13) A Git Vort: Lyrics: Perfection! Composition: Great! Arrangement: Great! This is possibly one of the best songs on the CD and again it’s the personality and lyrics that shine on this track. The message of this song, that every person loves a good word. As hurtful as a bad word can be, a good word can really make someones day. Lipa and Shauly Grossman is a winning combo!! It’s a song like this that puts Lipa at the front of the pack.

14) Hora – Yes!, Loshan Hora – No! Lyrics: Good. Composition: Great! Arrangement: Perfection!! What would a Jewish CD be without at least one solid Hora. Lipa said he made something for everyone and he meant it. It’s not my favorite song composition wise, but Lipa’s personality can’t be hidden, even in an average composition, and with a very very solid arrangement, this song ends up growing on your very fast. Extra love for Lipa’s rap session 2 minutes in. Again, this type of stuff is why Lipa is Lipa.

15) Achron Achron Chaviv: Lyrics: Perfection! Composition: Good. Arrangement: Perfection! Another perfect example of why Lipa is Lipa. composition wise there is not much happening in this song. But between the lyrics, Lipa’s vocals and style, and the out of this world arrangement, this song is easily one of the best, if not the best on the CD. This is a song you turn up your Bose headphones on full blast and just close your eyes and get lost in it’s beautiful sound.

16) English Version of Meimka Dlipa. Take above comments from Yiddish version of song and just repeat.

Final quick hits. Splash/Mayim, Mizmor Lesoda, Achron Achron, Ich Hab Gechapt, Git Vort, Ve’anpaha Ne’hirin & Vus Toot Dir Vee

My one and only criticism is that I think that Lipa is just so talented and creative sometimes he does need a person to keep it contained.
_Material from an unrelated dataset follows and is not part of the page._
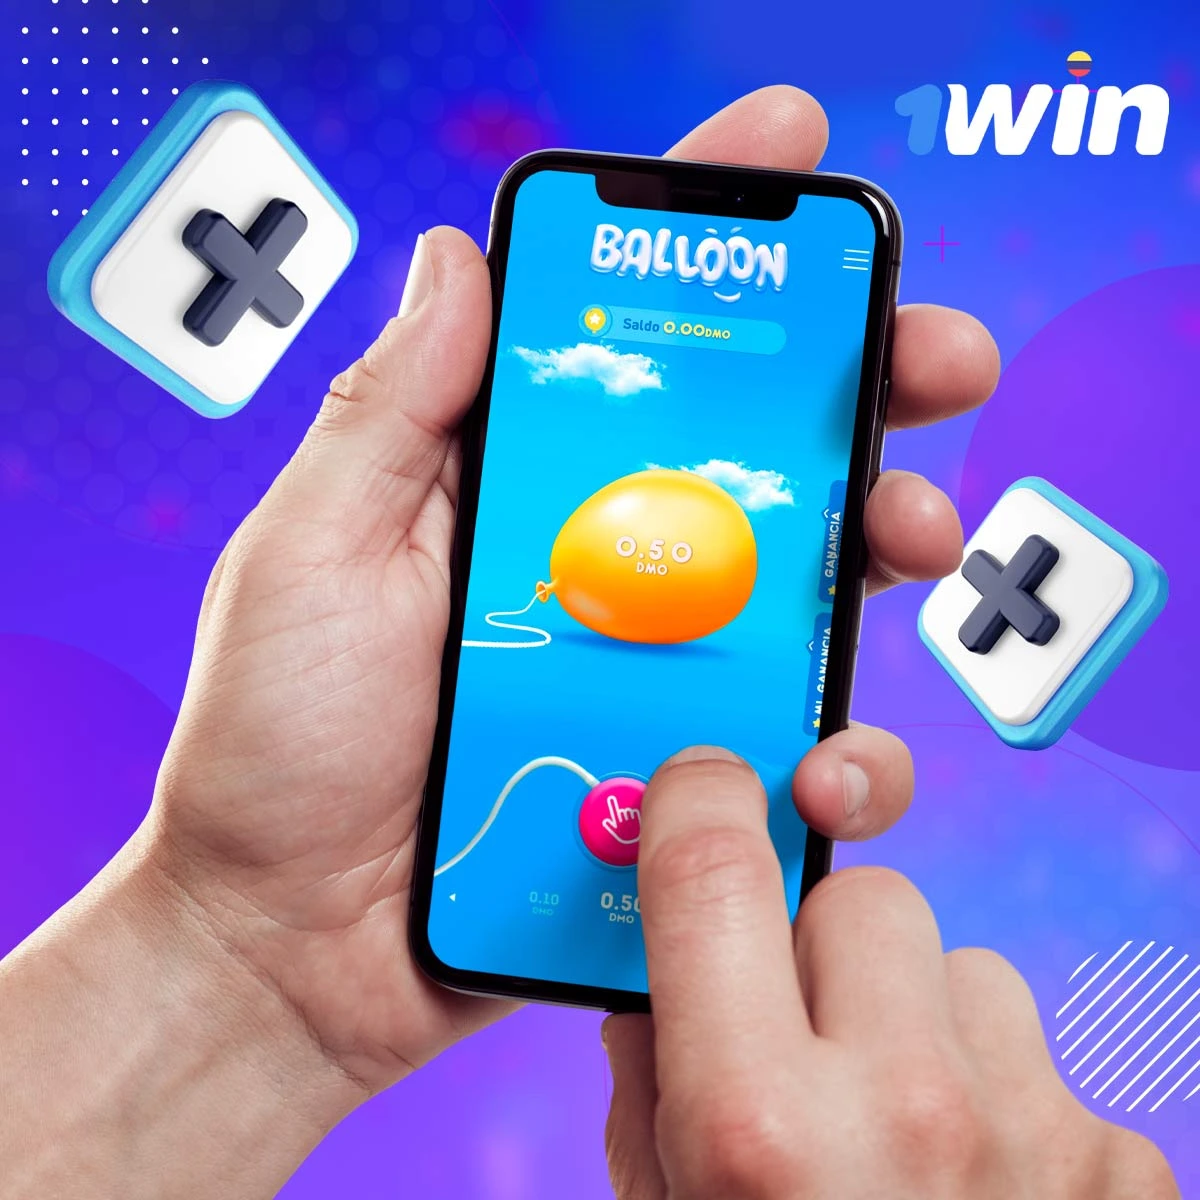 La versión demo del juego Balloon 1win te permitirá practicar la mejor estrategia sin riesgo de perder dinero

There are some tracks where Lipa could use this, especially like I wrote previously on a song like Melech.

What else is there to say? This is for all those fans of Jewish Music that complain “it’s all the same”, “It’s boring, typical, predictable”, every song is just a basic melody to random pesukim”, that is everything this CD is not.

There is heart, passion, creativity, artistry, love, hope, and top notch quality. This is everything Jewish Music should be, with all its warts and flaws, and I for one hope to keep hearing this from Lipa for years and years to come.